227. Лера Фаркаш и Полина Дудка ("Первые ласточки")
6 апреля 2021 г. в 14:29
Лера ничего не знает, совсем ничего. Ни который час, ни какая это по счёту дорожка, ни что её ждёт послезавтра, завтра, через час или даже в следующую минуту. Она себя ненавидит, своей зависимости боится, мир ей осточертел. Кто она, кто? Не знает. Потерялась. Ответа не найдёт, даже если очень постарается. Это ведь не учебник истории, в котором можно даты подсмотреть, и мило учителю улыбнуться, чтобы двойку за подсказку не ставил. Это сложнее. Это жизнь.
Лера понятия не имеет, что происходит вокруг неё, хотя точно знает, как это «что» называется. Мать — алкашка, отец умирает, сколько не лги себе, что всё обязательно будет лучше, завтра, послезавтра, а, может быть, никогда, она сама — семнадцатилетняя наркоманка, что деньгами сорит, точно мусором, а счастья совсем не имеет. Это блядство называется. Блядство. И ничего больше.
Лера ничего видеть и замечать не хочет, и просто плывёт смиренно по волнам героина, дышать собственной кровью, наслаждаясь, как она течёт из повреждённых наркотой сосудов по тонкой коже лица. В таком состоянии ей плевать совершенно, что Дудка покойная к ней во сне и наяву каждый день приходит. Может, во сне, может быть, наяву. Лера не знает. Она сон от яви не отличает. Уже разучилась. Уже перестала соображать.
Дудка приходит красивая, в полупрозрачных платьях. Дудка приходит томная, жадно пухлые губы облизывает, смотрит с мольбой в испуганных глазах, хлопает длинными ресницами, на которых слёзы застыли, тихим, надколотым голосом, шепчет:
— Ты была моим другом, Лера. Ты меня предала. Предала.
— Отвали, — огрызается Лера, из последних сил, в беспамятстве, — не была я твоим другом. Я с тобой, Дудка, не общалась.

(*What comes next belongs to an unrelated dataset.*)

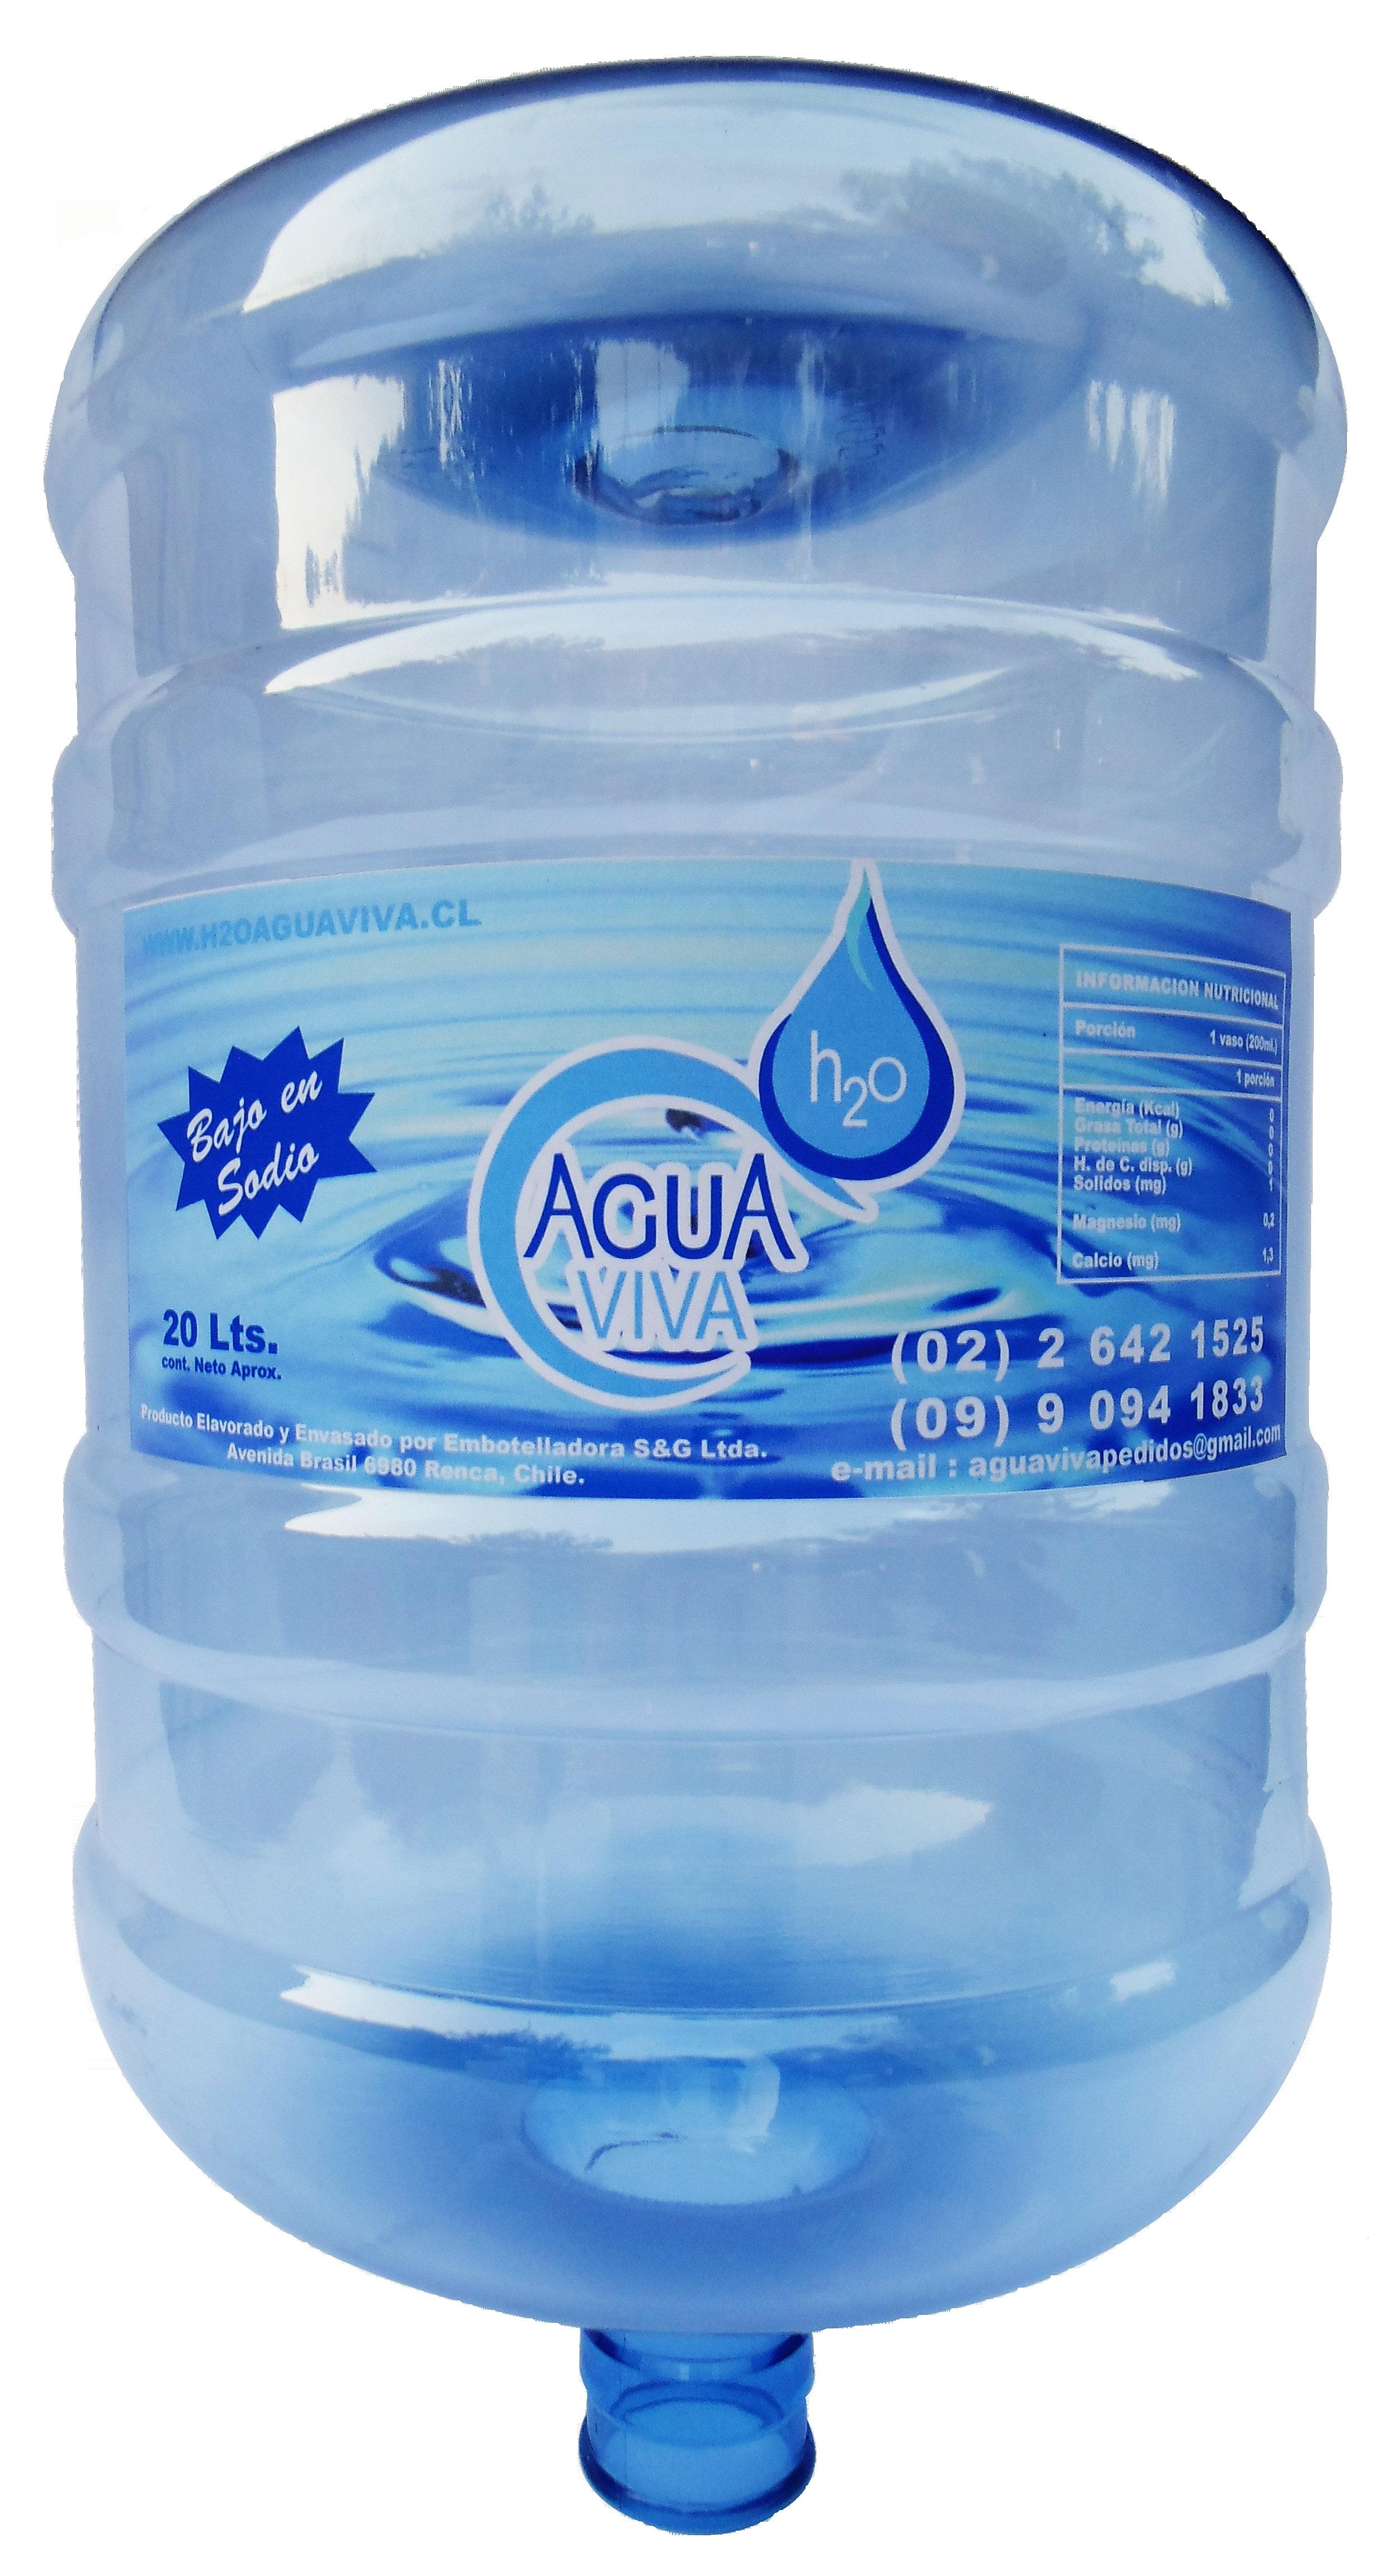 H2O Agua Viva | Agua purificada | RECARGA BOTELLÓN 20 Lt.

Ты мне нахер была не нужна.
— Общалась, — Полина сбрасывает платье, обнажаясь, и на её теле стигматы, словно цветы, распускаются, — ты мне каждый день писала, хотя в школе, при всех, игнорировала меня. Я за это тебя не осуждаю. Кому я, такая, нужна. Заучка и страшная.
Лера не думает, что Полина страшная. В этом платьице, которое она к собственным ногам спустила, она очень даже симпатичная. Правда, стигматы по её телу её совсем не красят, но ведь и Леру, избалованную девочку богатых родителей, кровь под носом от уничтоженных наркотиками сосудов, тоже красавицей писанной не делает.
Лере на Полину, по прежнему, плевать. Чихать на неё с высокой, с высочайшей, колокольни. Но она готова сделать всё, что угодно, лишь бы от этой мары избавиться. Только приведения бывшей доставучей одноклассницы ей не хватало. Наркотики дарят ей другие приведения, покруче.
— Что мне сделать, Дудка, чтобы ты ушла?
— Поговорить со мной. Хоть немного.
— Я говорю.
— Мало.
— Сколько могу. Так что, давай, реалистично, что мне сделать, чтобы ты свалила из моего кайфа?
Полина опускает голову, облизывает пересохшие губы. Поднимает просящий, словно у голодного щенка, взгляд, заплаканными глазками хлопает:
— Люби меня.
У Леры нихрена не осталось эмоций, чувств, желаний, одни наркотики в голове. И всё же кое на что у неё хватает сил. Поднять ладонь. Приблизить к бледному лицу Дудки. И показать фак.